However, in the high voltage battery, the oxidative decomposition phenomenon of the electrolyte is increased while the charge voltage of the positive electrode material is increased, thereby causing deterioration of the battery performance. In addition, a phenomenon that positive electrode metal ions are eluted during the use of a high-voltage battery is common, and especially after the battery is stored at a high temperature for a long time, the elution of the positive electrode metal ions is further accelerated, so that the retention capacity of the battery is low.

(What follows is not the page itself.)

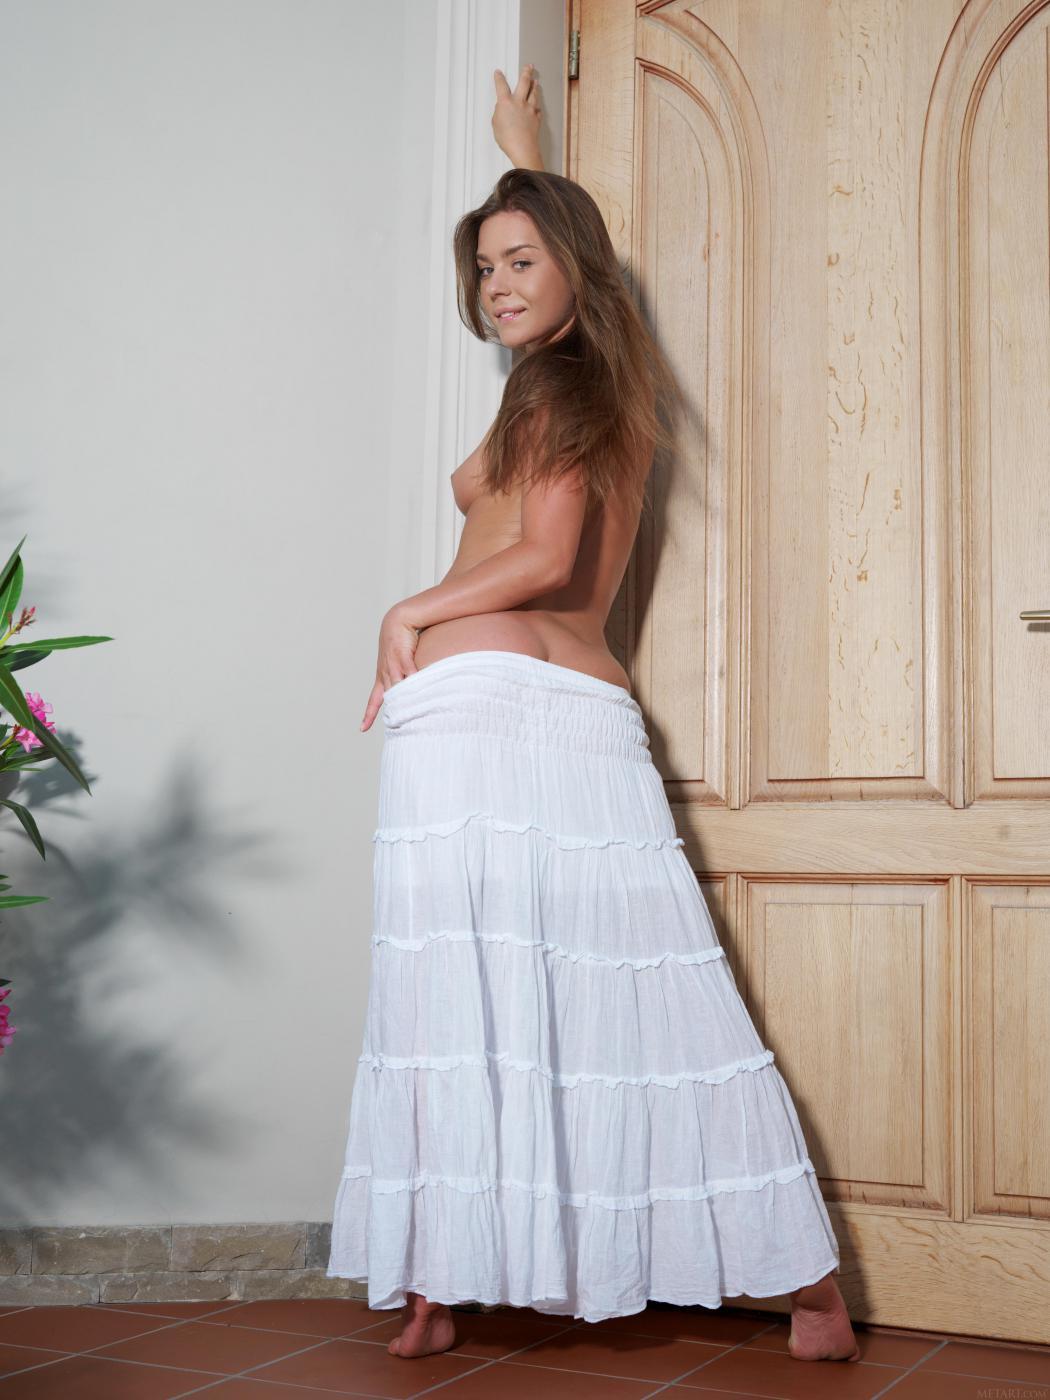 Невероятно симпатичная крошка Lily C спускает платье и показывает свою манду

The problems of poor high-temperature cycle and high-temperature storage performance of the current commercialized cobalt acid lithium battery with the voltage of more than 4.4V and the ternary-material high-voltage battery generally exist, and the problems are mainly reflected in that the thickness expansion and the internal resistance increase are large after high-temperature cycle, and the capacity is kept low after long-time high-temperature storage. In addition, the electrolyte of the existing lithium ion battery adopts an organic solvent which is volatile and flammable, and accidents such as fire and the like are easy to happen under abuse conditions such as thermal shock and the like of the battery.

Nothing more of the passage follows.